The number of patients were originally specified to be 5 patients per dose. However, to gain a greater initial experience with the safety of each ascending dose, after the first three doses a protocol amendment increased this number to 21 patients per dose. An interim analysis of efficacy (the rate of TIMI grade 3 flow) after every 7 patients was planned. If the rate of TIMI grade 3 flow was less than a prespecified boundary24 25 and if no safety problems were identified, the dose was increased to the next prespecified dose. To gain more safety and patency information, after completion of the eight doses, an additional 20 patients were treated with the 30-mg dose. Thus, 5 patients were treated with the 5-, 7.5-, and 10-mg doses, 7 patients with the 15- and 20-mg doses, 41 patients with the 30-mg dose, and 21 and 22 patients with the 40- and 50-mg doses, respectively. Continuous variables were compared with the Student's t test, and categorical variables were compared with χ2 analysis.

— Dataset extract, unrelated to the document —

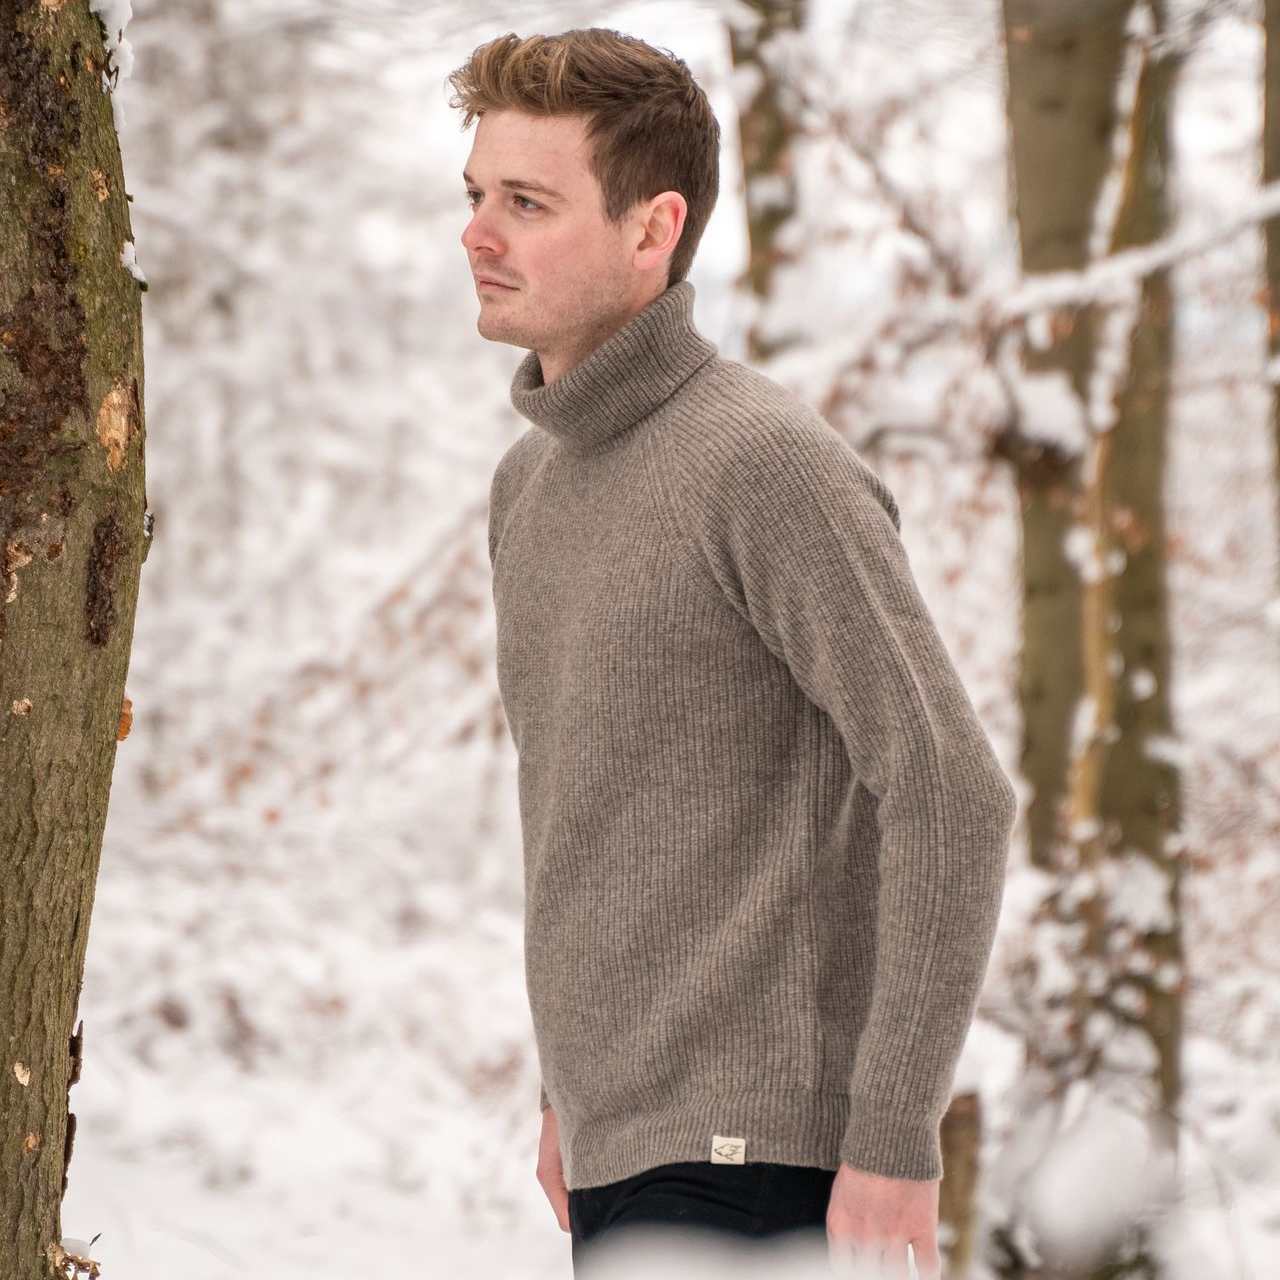 Ein Mann trägt einen grauen Rollkragenpullover und läuft durch Schnee im Wald

One hundred thirteen patients were enrolled in the trial (Table 2⇓). The mean age of the patient population was 54 years, 84% were male, 38% presented with anterior MI, 49% were “not-low-risk” as defined in the TIMI II trial,18 and the mean time to treatment was 3.0 hours. There were no major differences in baseline characteristics among the doses tested.
The plasma clearance of TNK-TPA ranged from 125±25 to 216±98 mL/min across the 5- to 50-mg doses, approximately one third of that previously observed with recombinant wild-type TPA (572±132 mL/min).26 The corresponding plasma half-life of elimination of TNK-TPA ranged from 11±5 to 20±6 minutes compared with 3.5 minutes as previously reported for TPA.26 Fig 1⇓ shows the TNK-TPA plasma levels over time for several doses of TNK-TPA and the TPA levels from 10 patients in the TAPS trial treated with the front-loaded regimen of TPA.26 There was a dose-dependent increase in TNK-TPA levels. As shown, after a single 5- to 10-second bolus of TNK, the plasma concentration was very similar to that of other patients treated with TPA given in the front-loaded, 90-minute regimen.26
The effect on systemic coagulation factors at 1 hour across the range of doses of TNK-TPA is shown in Fig 2⇓. There was a dose-dependent increase in the consumption of α2-antiplasmin, the fluid-phase inhibitor of plasmin, and a consequent increase in plasmin/α2-antiplasmin complexes, indicating a dose-dependent increase in the level of systemic plasmin generation. However, there was on average only a 3% reduction in fibrinogen and a 13% reduction in plasminogen even at the 50-mg dose. Similar results were observed at 3 hours. Previous studies have shown that TPA, either the 90-minute or the 3-hour regimen, leads to a 50% to 60% decrease in fibrinogen and plasminogen and a 70% to 80% decrease in α2-antiplasmin.22 27 28
TIMI grade 3 flow at 90 minutes in the infarct-related artery appeared to be higher in patients treated with the 30- to 50-mg doses as compared with the lower doses (P=.032) (Fig 3⇓). The rate of TIMI grade 3 flow was 59% at the 30-mg dose and 64% at the 50-mg dose. Patency, defined as TIMI grade 2 or 3 flow, of the infarct-related artery was 85% overall and did not appear to differ across the full range of doses tested. No differences in the rate of TIMI grade 3 flow or TIMI grade 2 or 3 flow combined were noted between the three different infarct related arteries or when stratifying patients by time to treatment (≤3 hours versus >3 hours). Rescue PTCA was performed immediately after the 90-minute angiogram in 16 of 17 patients with TIMI grade 0 or 1 flow in the infarct-related artery and was successful in all patients. Thus, patency was achieved after the 90-minute angiogram in 99% of patients.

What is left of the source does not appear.